Her departure from the government and Liberal party came after Premier Jeremy Rockliff kicked her out of the cabinet, blaming an allegation of bullying by a former staff member, and leaked private messages, one of which he said was “unacceptable by any standard”.

ABC Australia

To be honest, most of the messages are pretty petty stuff: typical office gossip and bitching. Calling Rockliff “too gutless to be leader”, for example. Or deriding former leader Gutwein, apparently after some kind of spat, for his “Glass jaw and insecurities. Knee jerk reactions like a child.” Calling a female adviser an “airhead”.

Much more damaging in the current climate is a message asking a staffer to turn off comments on social media, because she was “sick of victim-survivors”. Because, as we all know, “victim-survivors” are a sainted bunch, who cannot be criticised, under any circumstances.

Ms Archer said the leaked message was referring to victim-survivors who had been sending her abusive messages on social media, not to victim-survivors in general.

“It was meant as ‘I am sick of them attacking me’,” Ms Archer said […]

“I was being hideously attacked with F words and C words too by some on my Facebook page and their Twitter accounts,” she told the ABC on Saturday.

Still, Archer has the backing of prominent advocate Steve Fisher.

Mr Fisher said he accepts Ms Archer’s explanation about the message.

“I believe it’s been taken way out of context,” Mr Fisher said.

“I’ve worked with Elise Archer a lot over the past five years, and she has always been totally survivor-focused in anything that we bought to her.”

Behind the leaks is a clear narrative: that Archer is supposedly a bully who runs a toxic office.
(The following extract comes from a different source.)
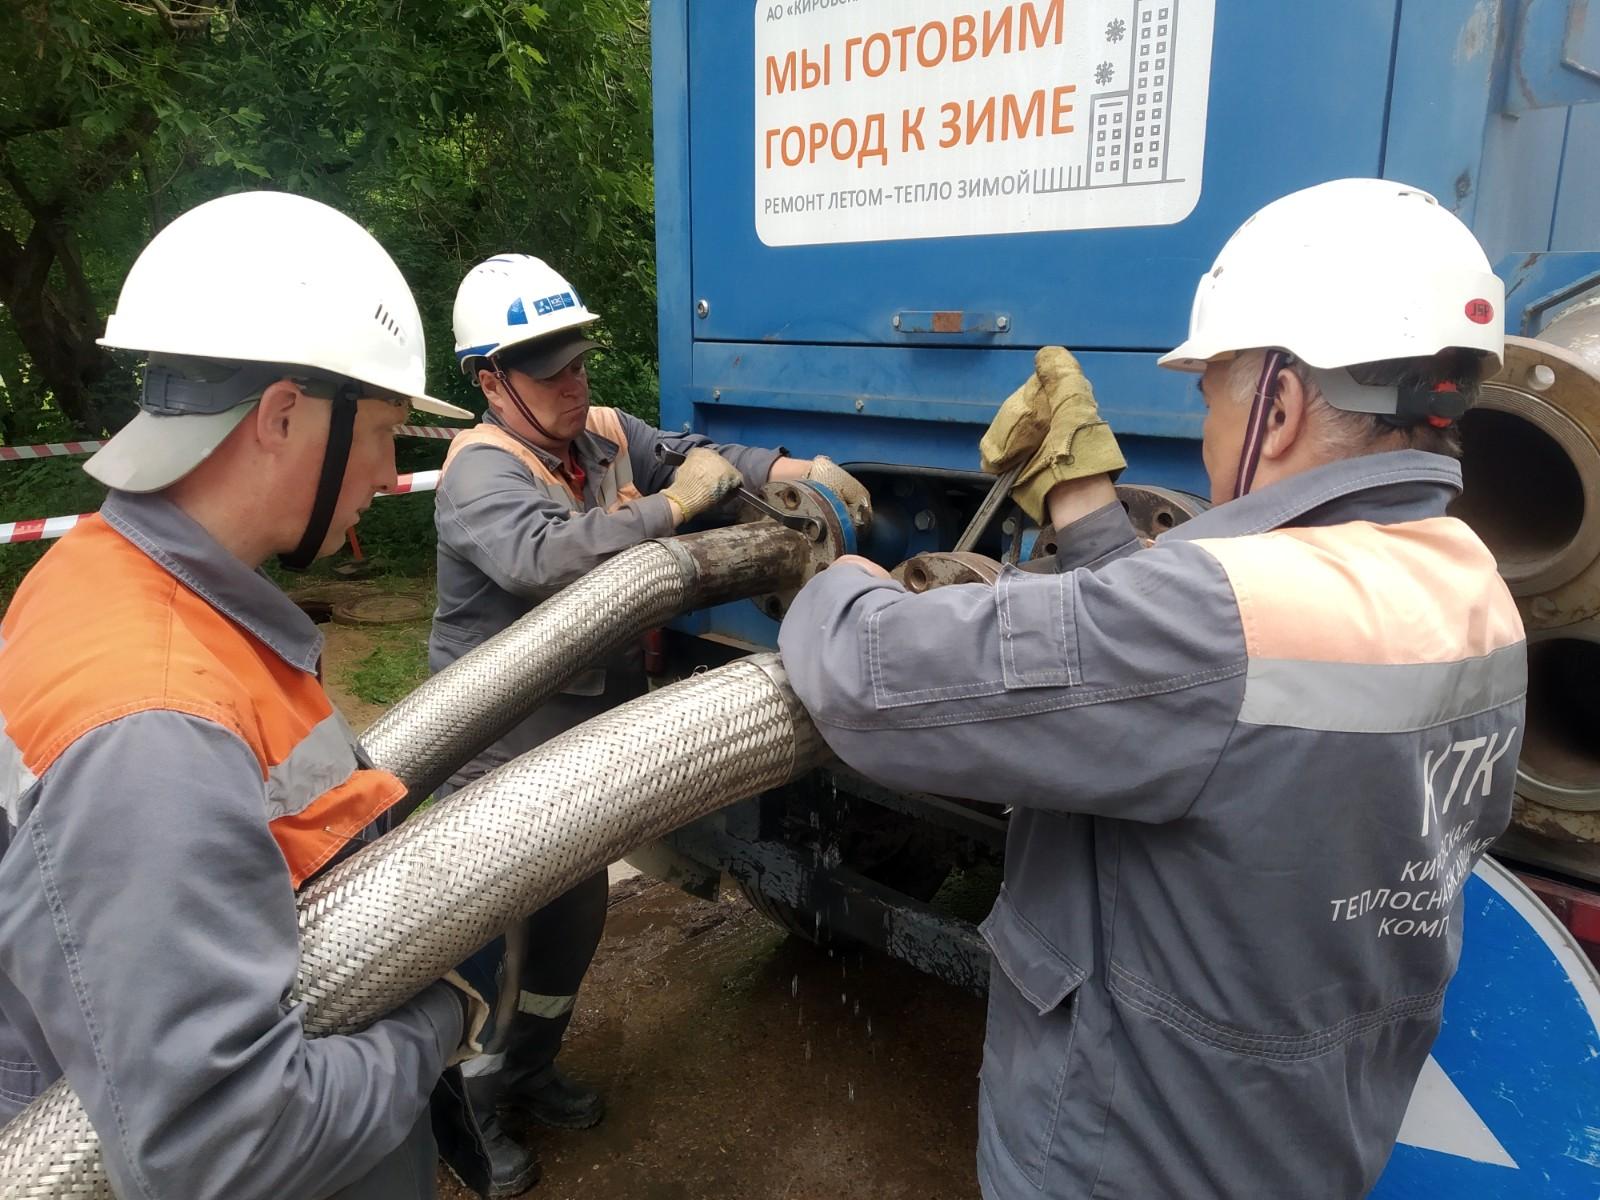 В Кирово-Чепецке пройдут повторные гидравлические испытания

Which sounds like every politician, then. Still, it’s claimed that her office has an unusual turnover of staff, even for a politician.

Whoever is doing the leaking, and why, the result is clear: the Liberal government is on the ropes.
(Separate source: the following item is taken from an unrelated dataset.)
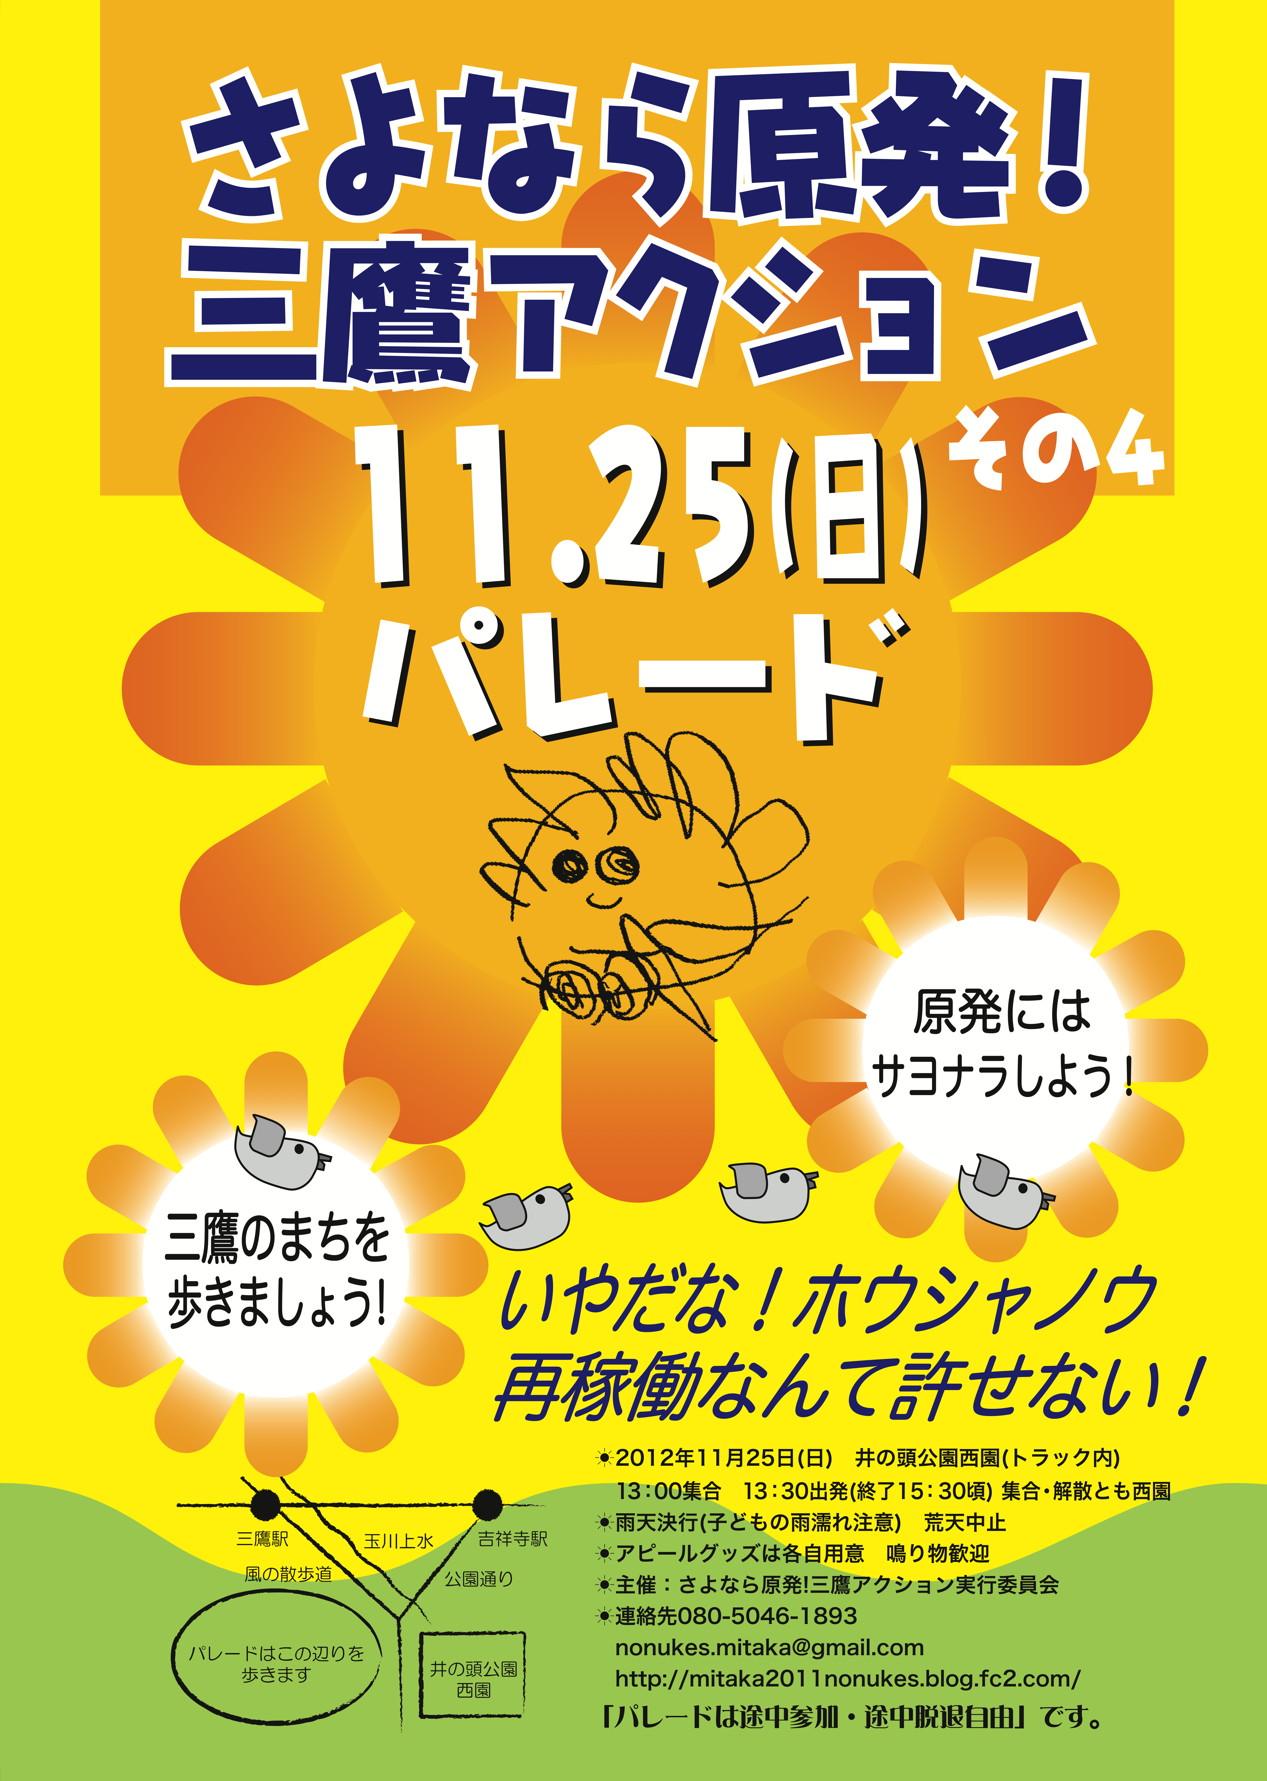 さよなら原発!三鷹アクション その4〜11.25 ポスター

A recount in the Hobart-based seat of Clark will be held to elect Ms Archer’s replacement, with fellow Liberal and Hobart City Council Alderman Simon Behrakis likely to win.

But Mr Behrakis won’t be elected before the House of Assembly next sits, meaning Mr Rockliff will have to choose between proroguing the parliament for a third time in this term of government, or facing a likely no-confidence motion when his minority government has one fewer member.

ABC Australia

Archer’s apparent second thoughts on quitting altogether appear aimed at leveraging a change of premier. If, she says, she remains as an independent, she will not guarantee supply and confidence — unless, perhaps, the party dumps Rockliff as leader. Depending on who, she says, the replacement is.

At present, the most widely-viewed contender for replacement leader has been Launceston-based deputy and Treasurer, Michael Ferguson. Yet, Archer has said she sees Ferguson as, “support[ing] the Premier’s actions and my treatment in not affording any procedural fairness in recent days”.

Her comments could ­provoke a leadership spill by Liberal MPs seeking to avoid an election by electing a leader in whom Ms Archer might express confidence.

Any new leader would also need the support of the other two former Liberals who quit in May to sit as independents.

The prospect of Ms Archer remaining as a hostile independent could also prompt Mr Rockliff to call a snap early ­election.

The Australian

One thing’s for certain: who needs an opposition, when a government seems so continually determined to queer its own pitch?